Yo no niego -nadie ha habido que lo niegue- que la monogamia no convenga a ciertos -pongamos muchos- tem­peramentos. Mas basándome en el estudio profundo que de estas cuestiones tengo hecho, me reservo proclamar que la monogamia o la monoandria empobrecen la personalidad sen­timental, estrechan el horizonte analítico y el campo de adqui­sición de la unidad humana.



Oigo decir que la monogamia es superior a otra forma cual­quiera de unión sexual. Diferente, sí; superior, no. La historia nos muestra que los pueblos no monógamos en nada ceden, en cuanto a literatura o ciencia se refiere, a los monógamos. Los griegos eran disolutos, incestuosos, homosexuales, enaltecían la cortesana. Veamos la obra artística y filosófica que realiza­ron. Comparemos la producción arquitectónica y científica de los árabes polígamos con la ignorancia y la tosquedad de los cristianos monógamos de la misma época.

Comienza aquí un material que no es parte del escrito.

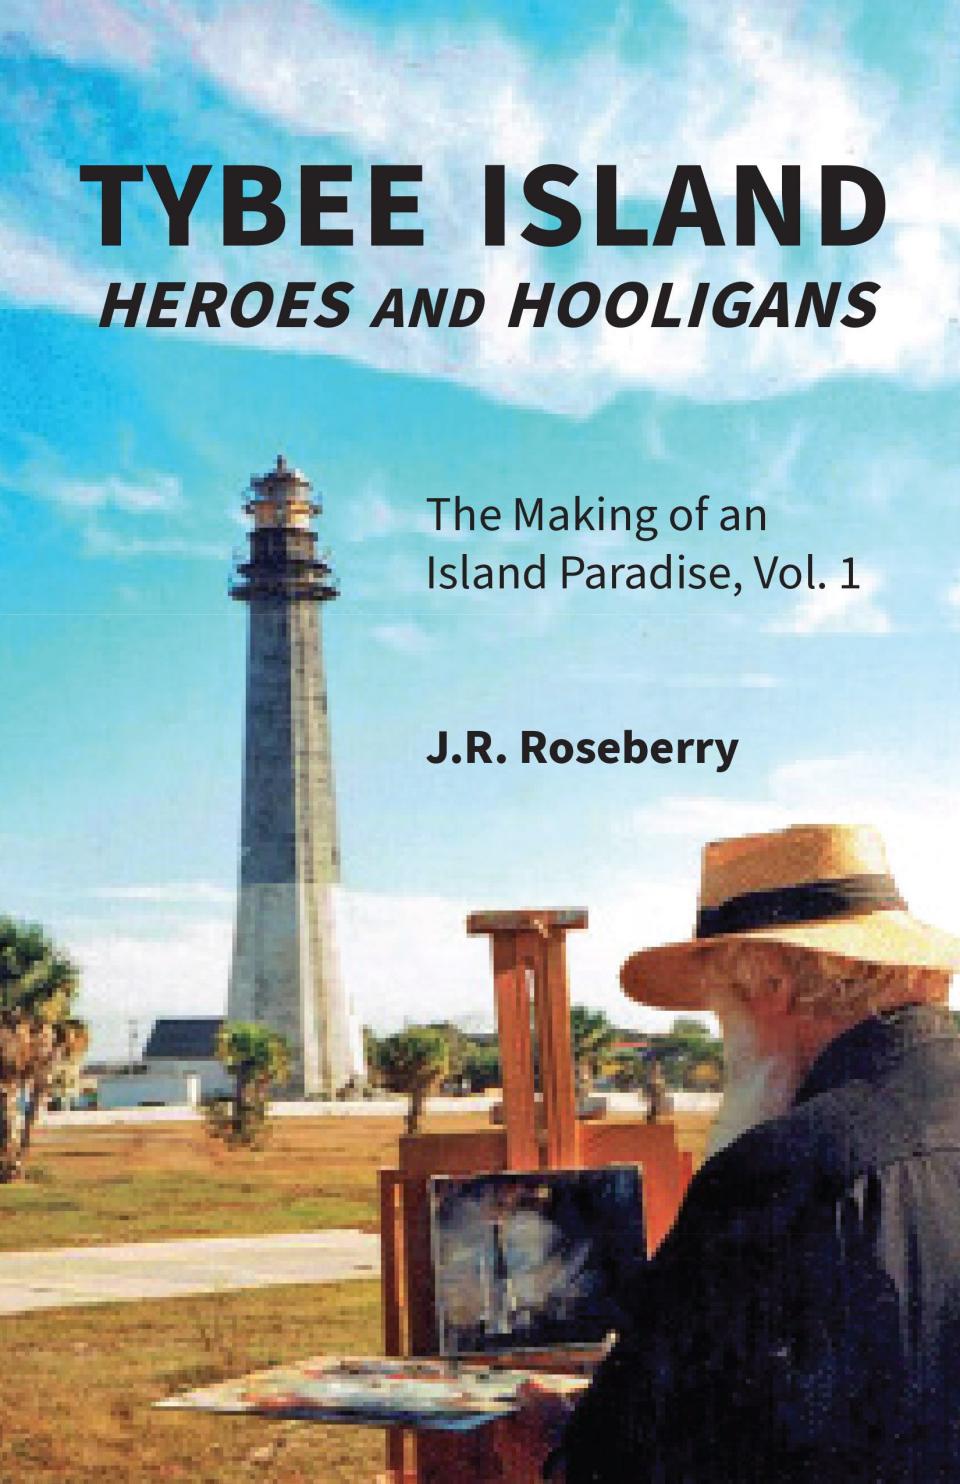 "Tybee Island Heroes and Hooligans" by J.R. Roseberry

Además, no es cierto como se presume que la monogamia o la monoandria sean naturales. Son artificiales, por el con­trario. En donde quiera que sea, si el arquismo no interviene (el arquismo, es decir, la ley y la policía) ni impone su severi­dad, hay impulso a la promiscuidad sexual. Representémonos las bacanales, saturnales, florales de la Antigüedad -fiestas carnavalescas medioevales, kermesses flamencas, clubs eróti­cos del siglo de los enciclopedistas-, verbenas contemporá­neas. Reacciones que pueden o no gustarme, pero reacciones al fin.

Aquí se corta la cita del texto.